Texture Profile Analysis (TPA): For TPA, a 25.4 mm diameter acrylic cylinder was used. The samples were cut in cylindrical pieces, with a length of 10 mm and a diameter of 12 mm, then they were double compressed to half of their initial height, using a compressing speed of 2.0 mm/s and a loading cell of 1 kg.

Wire Cutting (W): The Wire Cutting tests were performed with the Wire Cutting probe of the texture analyzer (wire length 40 mm and 0.3 mm diameter). The samples were cut in cubic shape with a side of 20 mm at a test speed of 1 mm/s.

Volodkevich Bite (VB): Regarding the biting tests, the "Volodkevich bite jaws" probe encoded TA-VBJ, which penetrates the samples at 7 mm, was used. It consists of both the upper jaw and lower jaw, imitating human bite. It can be described as simulating the action of shearing by the front incisors, when they bite the food, generating an indication of the sample hardness and fracturability. The samples were cylinders with a length of 20 mm and a diameter of 0.9 mm with a test speed of 1 mm/s.

All the textural tests were done two times for each sample and the average values together with standard deviation were reported.

Sensory evaluation

Two methods were used for the sensory analysis of meatloaves, the first - Acceptance Testing concerning the three general sensorial attributes (acceptance, colour and taste) was applied after the method of Akwetey et al. (2014) and the second one - Texture Profile Method regarding the main textural characteristics presented by Lawless and Heymann (2010).

The Acceptance Testing was performed using a hedonic scale of 9 points (1 represents dislike extremely, while 9 represents like extremely). The products were sliced to approximately equal sizes of 2.0 cm2, wrapped in kitchen foil and warmed in an oven until the meatloaf temperature reached 25°C. All products were blind coded with 3-digit random numbers and the orders of serving all meatloaf samples were randomized. The sensorial test was carried out in individual booths using fluorescent lamps (simulating daylight).

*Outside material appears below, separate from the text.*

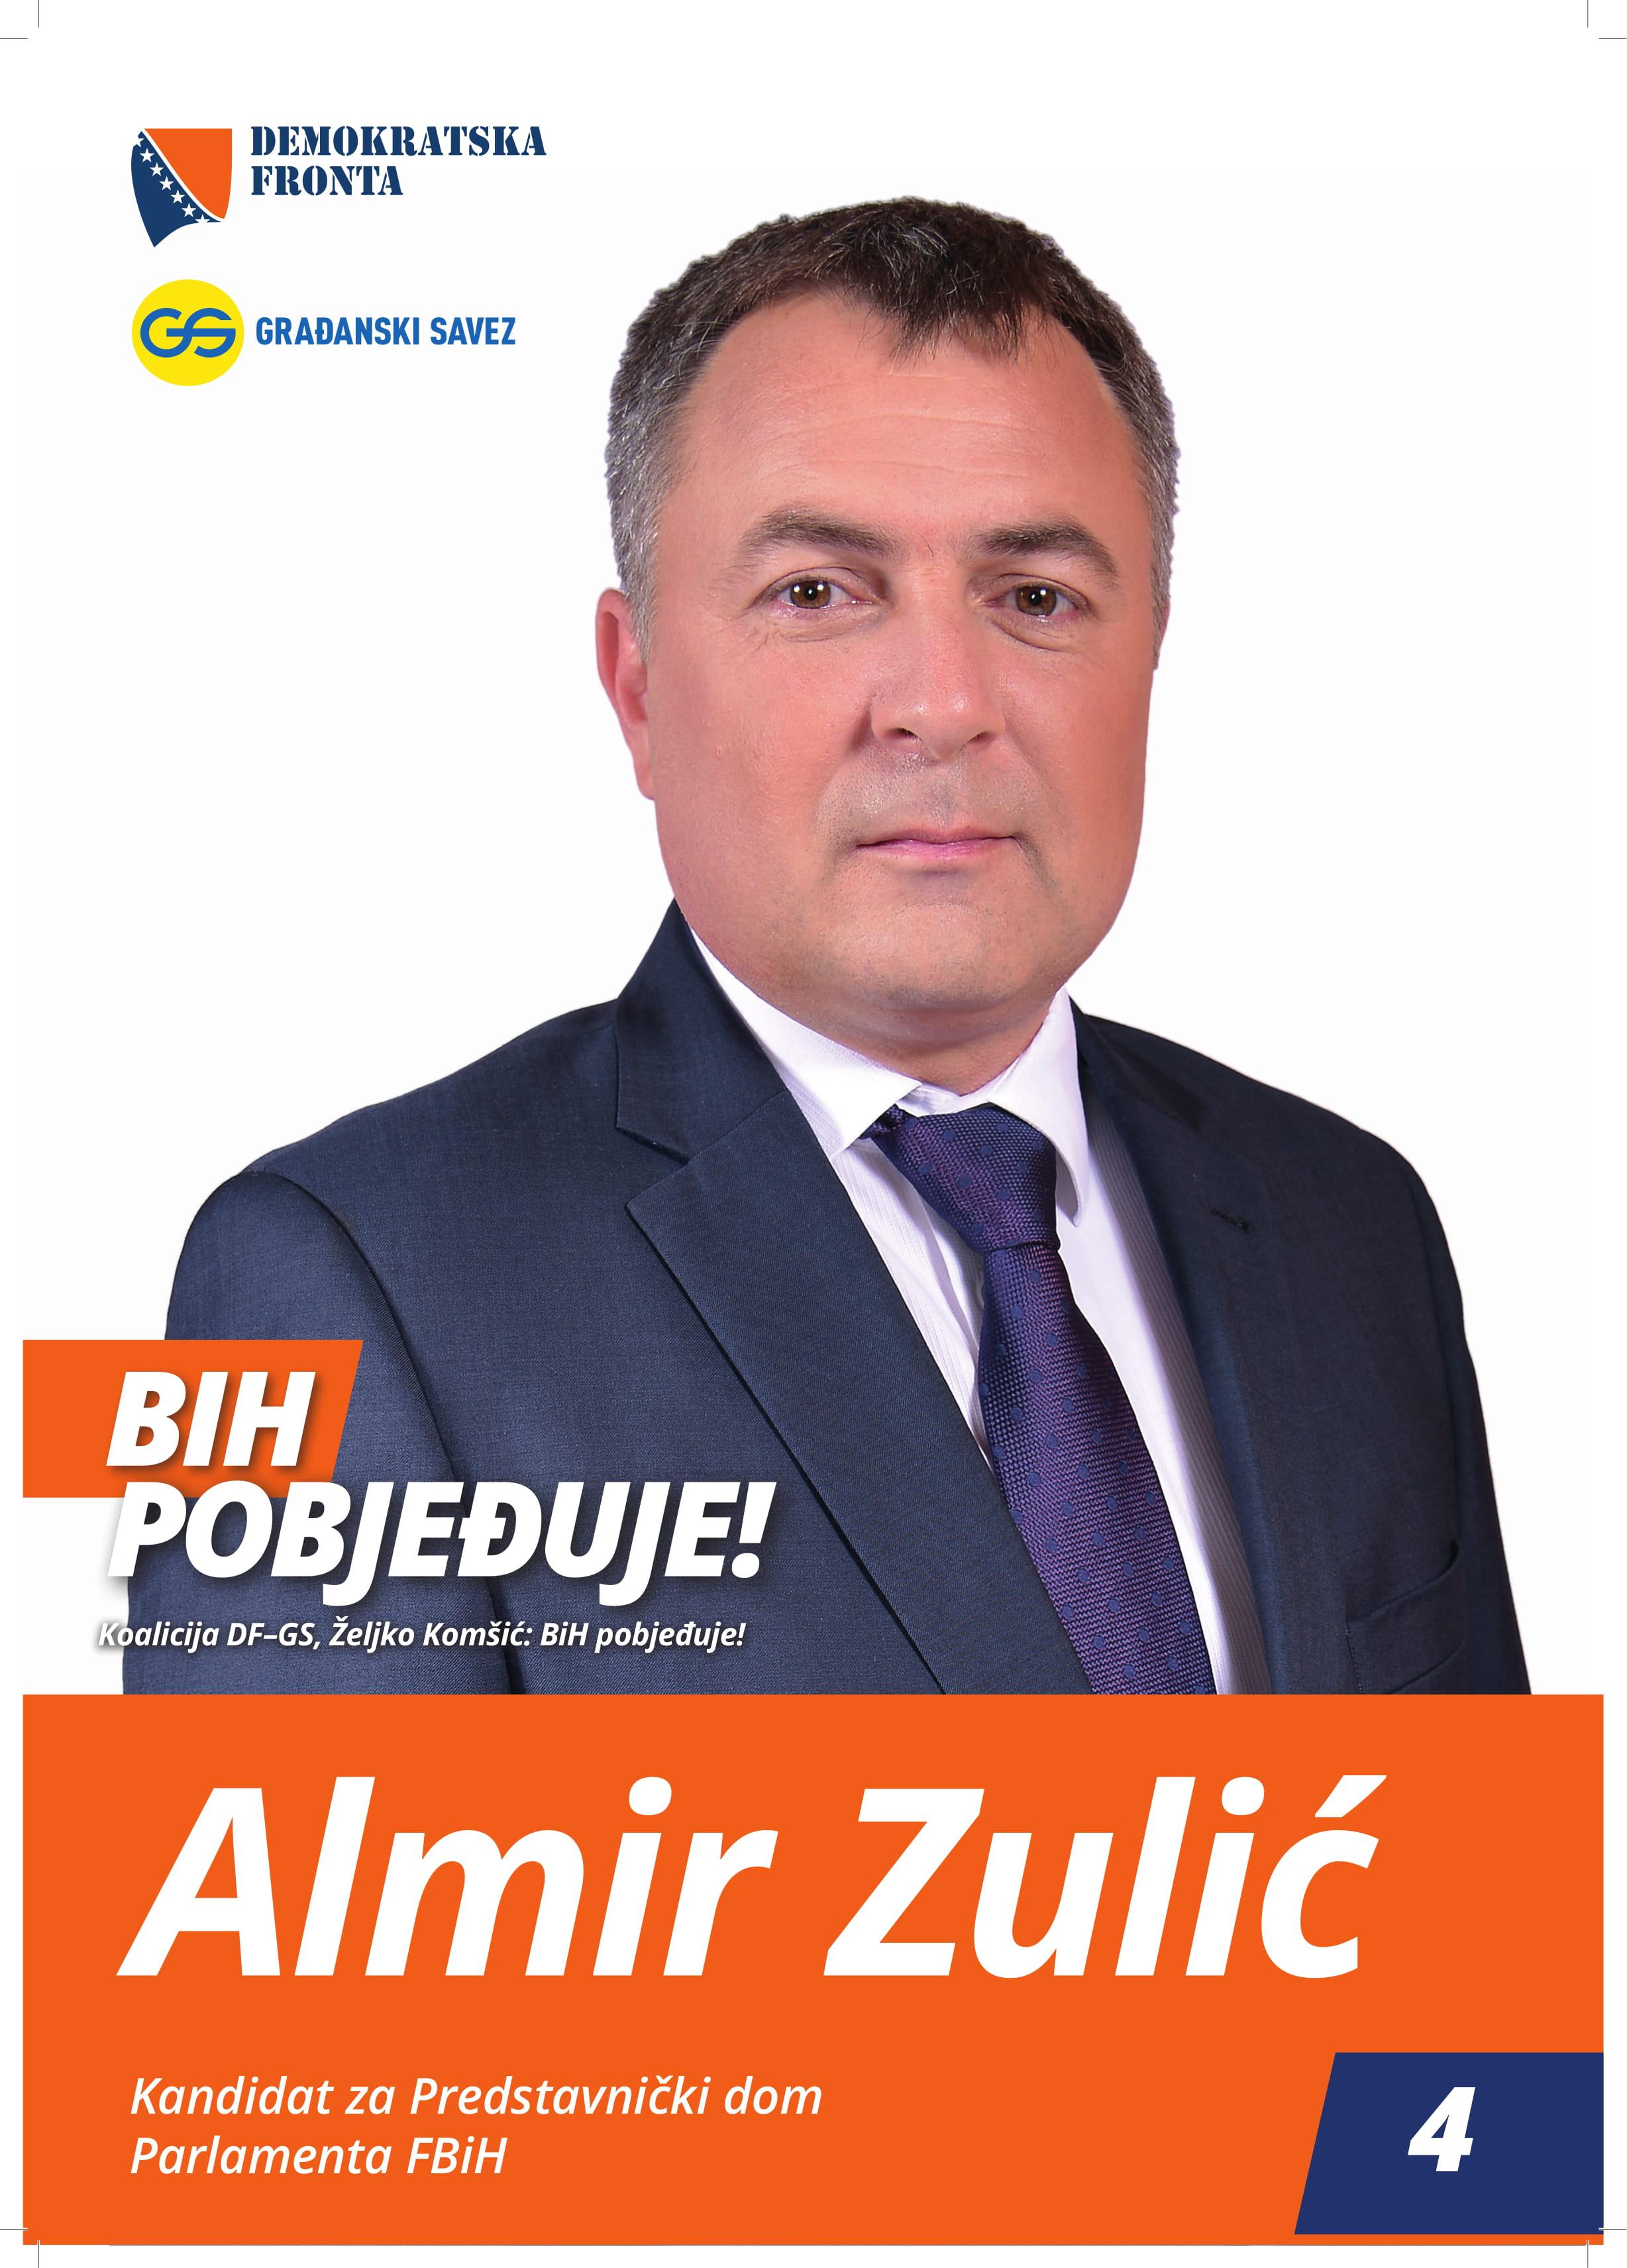 Almir Zulić, diplomirani menadžer za finansije i bankarstvo

Water was offered to rinse the mouth between tasting the meatloaves samples in order to distinguish clearly the specific flavours.

Samples evaluation was performed by 15 untrained panellists in the age range 2025 years. The main criterion for the panellists' choice was "regular consumption of meat products". The consumers were asked to evaluate the meatloaves using the following descriptors: appearance (this refers to shape, size, homogeneity, cross section aspect (Hutchings, 1999)), colour, taste.

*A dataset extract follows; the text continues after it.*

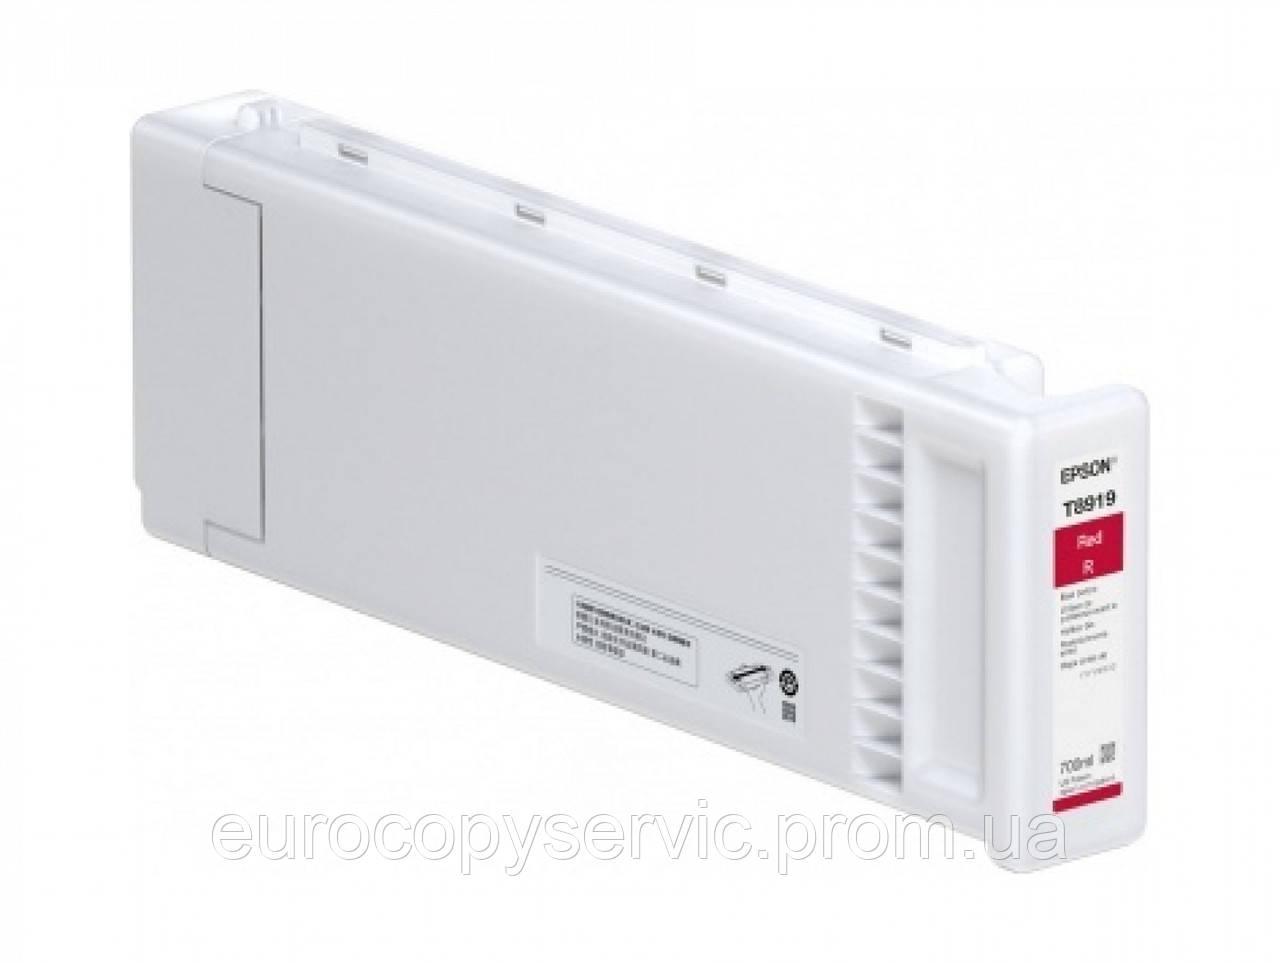 Чорнила Epson GS3 Red T891900 (700mL) (C13T891900)

Texture Profile Method involved 15 trained panellists. Three training sessions were organised in order to familiarize the tasters with the products and terminologies of meatloaves.

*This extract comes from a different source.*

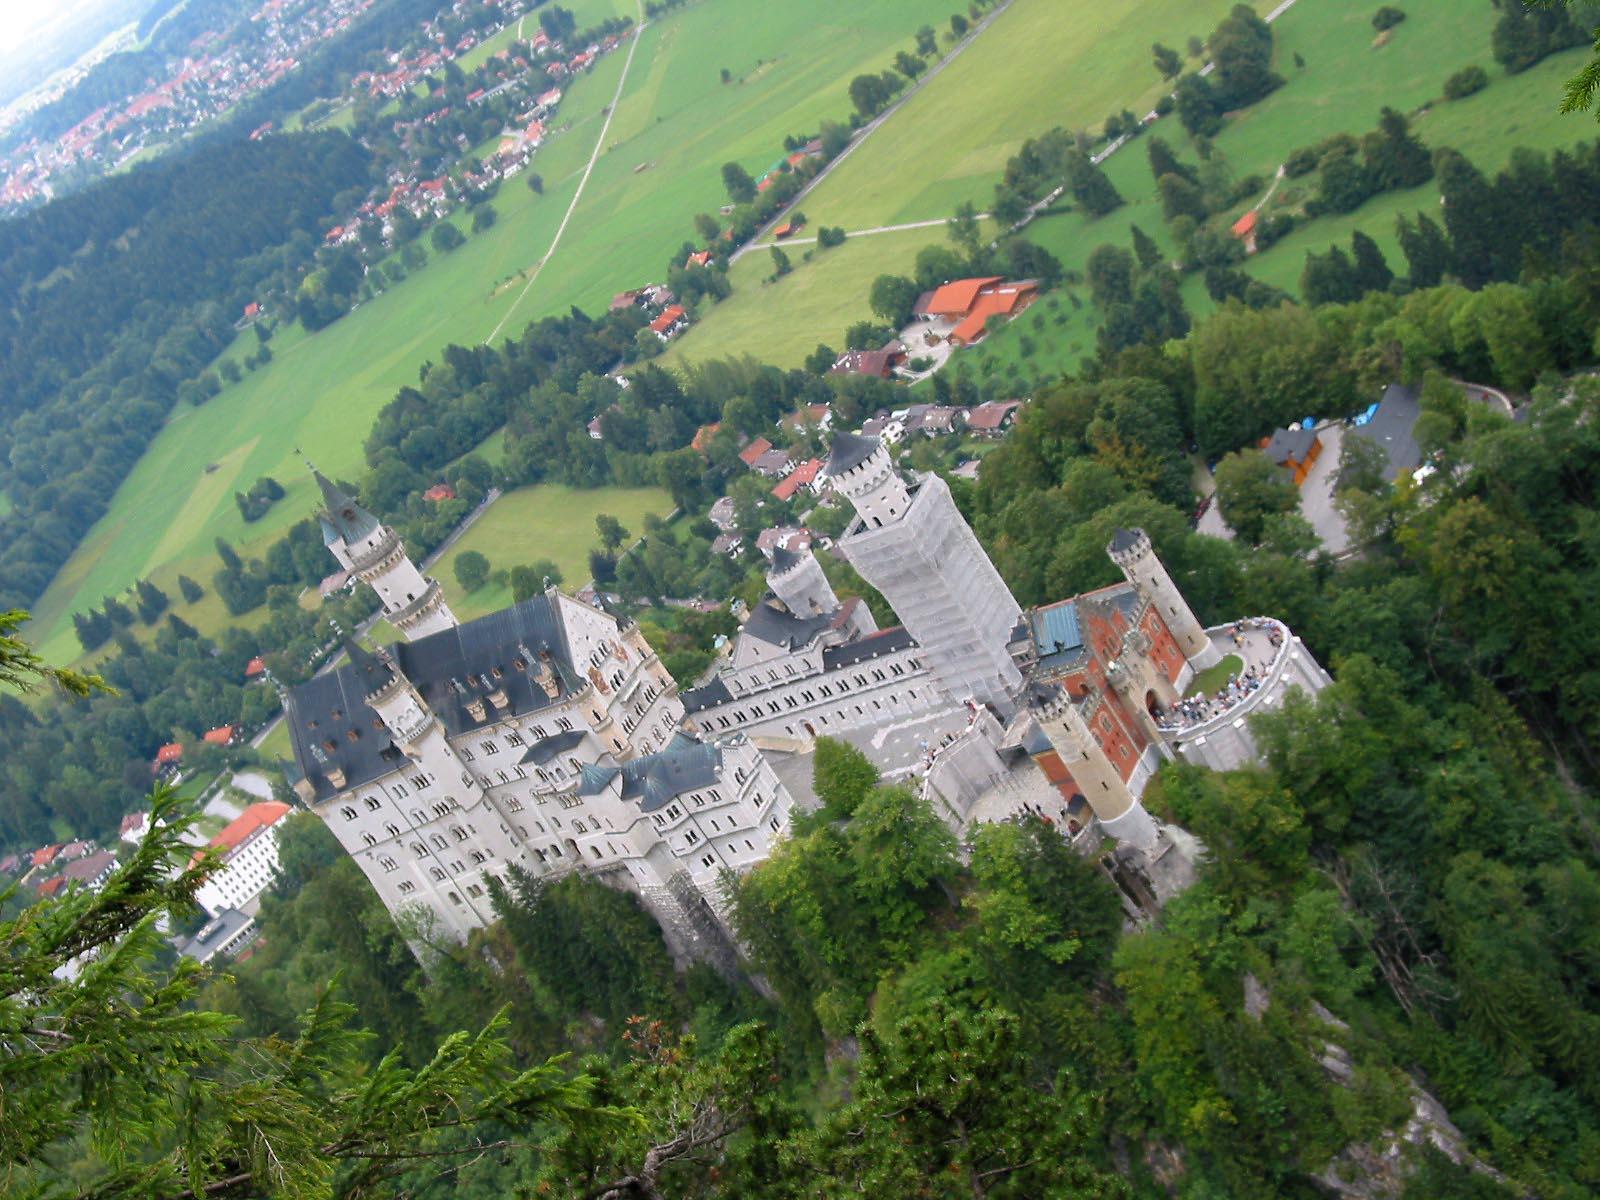 2003 neuschwanstein castle schwangau

Hardness (the force necessary to bite entirely through sample placed among molars), springiness (the force with which the sample returns to its original size/shape, after partial compression between the tongue and palate), cohesiveness (the amount of deformation undergone by the material before rupture when biting completely through the sample with molars), gumminess (the amount of manipulation necessary before the food disintegrates), chewiness (the numbers of chews required to reduce the sample to a state ready for swallowing) were evaluated by the trained panelists (Stone and Sidel, 1992). The main descriptors which are related to the texture profile of meatloaves were especially pursued.

Statistical analysis

One-way analysis of variance (ANOVA) was carried out on the experimental results. Differences were considered significant at p < 0.05. All results were presented as mean value ± standard error. Statistical processing of the data was performed using free trial of the program STATGRAPHICS Centurion XVI Version 16.1.11. To determine the relationship between data obtained for TPA, Wire Cutting and Volodkevich Bite it was used a Durbin-Watson statistic test by means of DataFit 9.1.32 - free trial.

Results and discussion

Texture profile analysis (TPA)

The TPA test consists in a double compresion of the sample, imitating the mastication process. For TPA, six main textural characteristics: hardness (the maximum force required to compress the sample in the first compression cycle), fracturability (originally known as brittleness) was defined as the force of the significant break in the curve on the first bite, cohesiveness (extent to which the sample could be deformed prior to rupture), springiness (the ability of sample to recover its original form after the deforming force is removed), gumminess (the force needed to disintegrate a semisolid sample to a steady state of swallowing, hardness x cohesiveness) and chewiness index (the work needed to chew a solid sample to a steady state of swallowing, springiness x gumminess) were tested. They were defined by Bourne (2002); Martinez et al., (2004); De Huidobro et al., (2005); Wu et al., (2006); Kealy (2006); Jaworska and Bernas (2010); and Guine and Barrocab (2012).

In Figure 1, the TPA characteristics of the studied samples of reformulated meatloaf are presented.

From Figure 1. a, b, e, it can be observed that the addition of the emulsion of milk powder, water and walnut oil (sample MWN) resulted in several significant changes in the textural parameters. Thereby, the hardness, fracturability and gumminess reported the highest values for MWN in comparison with the other samples. Especially, the values for hardness and fracturability were almost 47% higher than that of the values for the control sample, while the gumminess values for MWN registered a significant increasing value of 85% in comparison to control sample.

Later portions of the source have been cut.